Telling your child that they can not play a sport because it’s only for boys, or telling them that they wear certain clothes because they’re only for girls (something tighter fitting, for example) is a great way for your child to start to gender stereotype things in their life. It may not be easy for you, but it’s important as we move towards trying to get gender equality in the world.

Equally important - don’t tell your child they can’t aspire to be something because it doesn’t fit your idea of the gender role. If your child aspires to be a firefighter, policeman, or ballet dancer, they should be free to do so. As children grow older and learn more about these professions and roles, they may decide it’s not for them, but don’t tell them no simply because it’s only for boys or girls.
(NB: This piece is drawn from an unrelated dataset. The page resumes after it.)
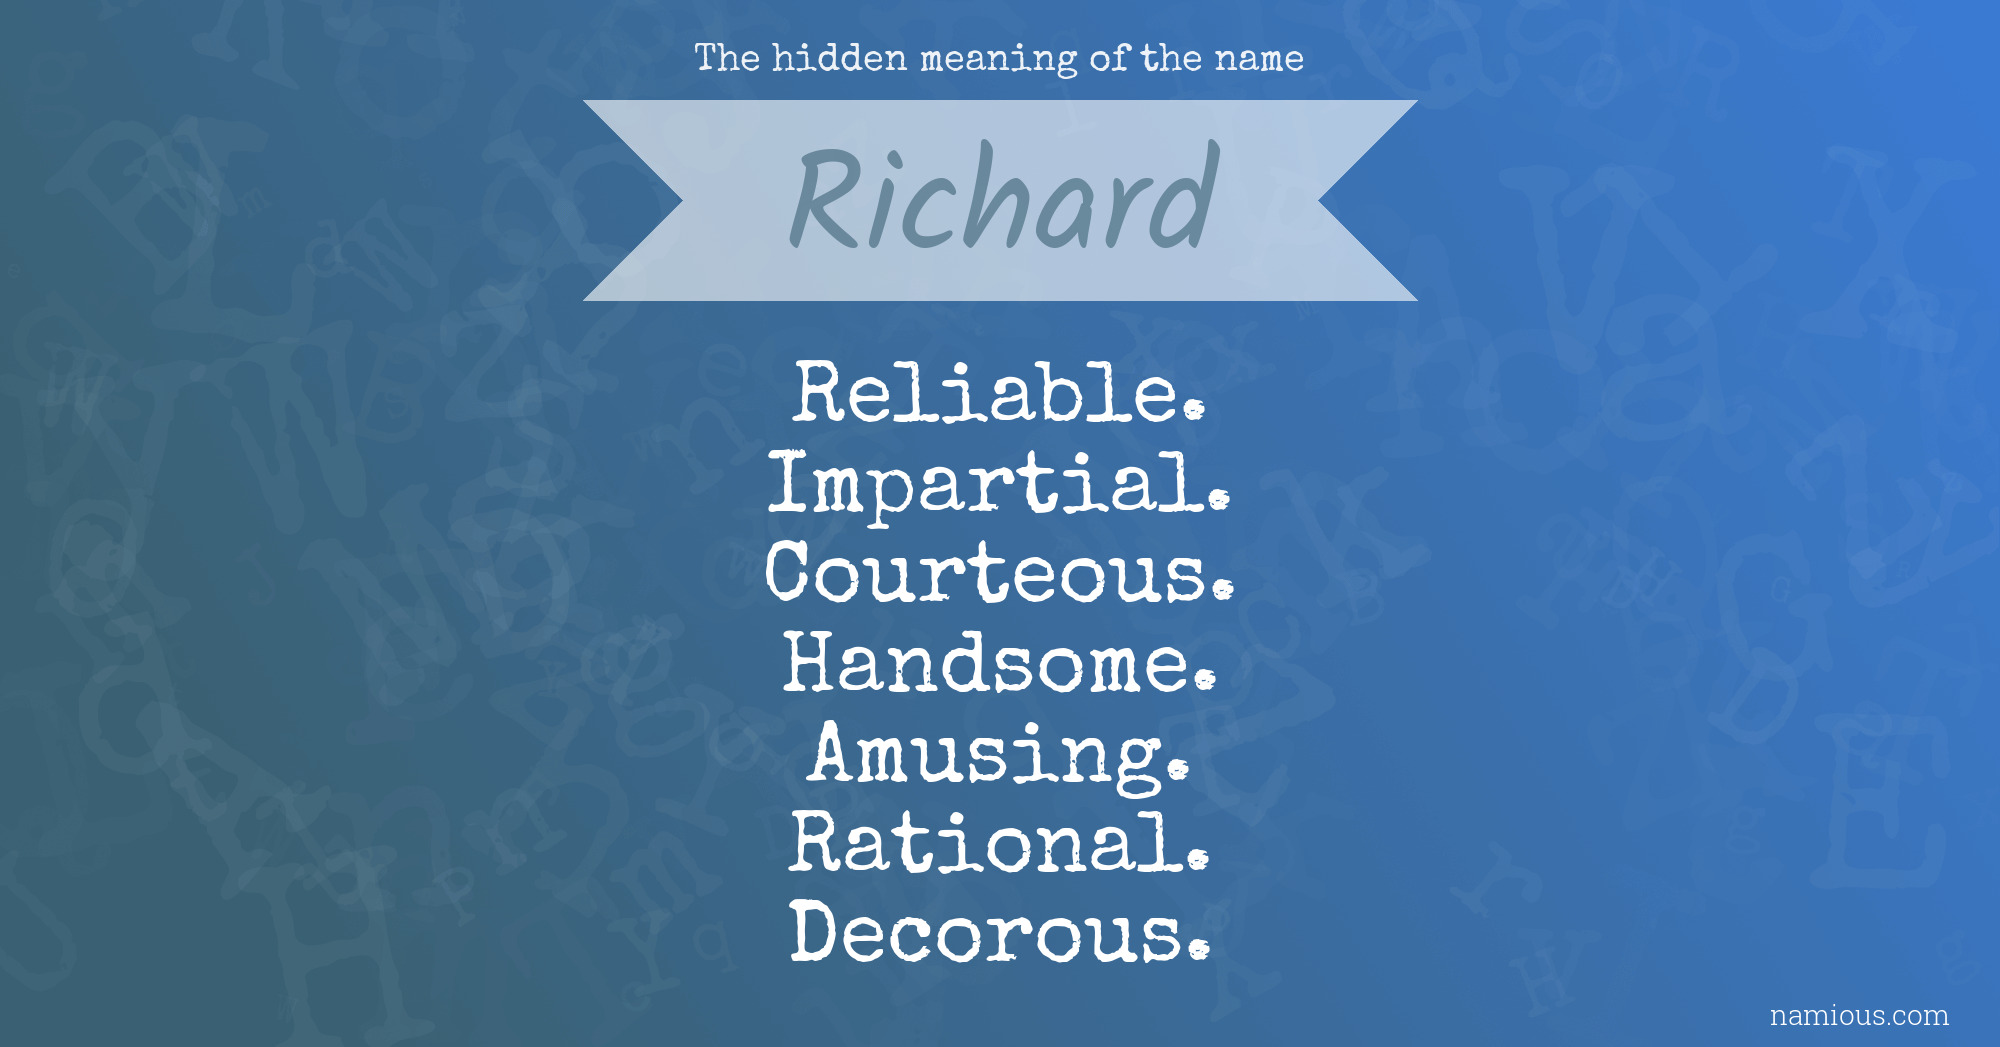 The hidden meaning of the name Richard

Allow your kids to try things even if you think they cross a gender boundary

Don’t just use your words to help break down gender stereotypes, use your actions as well. If your son wants to paint his toenails or fingernails, let him do so the same as you would let your daughter do so. There’s no reason you should let your daughter paint their toenails at a certain age and tell your son no. If they are made fun of, use it as an opportunity to help educate them that some people have not yet learned how to be truly accepting of others.

Letting your child try things that cross gender boundaries can often lead to sadness and disappointment. Your job as a parent is to help them to see what those downfalls may be in advance, and then be ready to help them work through them. If your daughter wants to play football, you may have to help her work through issues of being bullied and picked on by the other players. You may need to work with coaches and other parents as well.

An example from my own experience

When my youngest son was born, he had a good set of lungs on him. He wasn’t afraid to let them be heard. As he has grown, he’s not afraid to scream out loud. When he was still a toddler, the first time I wanted him to stop screaming, I told him to “stop screaming like a little girl.” I didn’t have any daughters at that time (I still don’t), but I immediately stopped to think about what I had just said.

If I did have a daughter, what would I say to her? She would be a little girl, so my comment would make absolutely no sense. Reflecting further, where did I have this idea in my mind that screaming was something that only girls do. Likely from words that I had heard when I was younger. That exact phrase was said at school, and by friends: “he screams like a girl.”

Boys scream just as much as girls do, if not more. While it may sound a little bit different, there was no reason for me to make my son think that he was any better than a girl that would scream like him - he wouldn’t be. Since that time, I’ve changed the way I tell my son to stop screaming. I tell him to stop screaming like a baby (and now like a toddler). Rather than bringing gender into the equation, it’s just about being a person that is growing up and learning new ways to deal with disappointment.

Conclusion

It’s very easy to accidentally fall into the trap of gender stereotyping your kids. You should be working everyday to break that habit. Being a boy or girl isn’t bad. Having traits from both genders (or what you may consider something associated with a specific gender) is what will make more well-rounded human beings and lead to adults who are better able to bring about change in our world.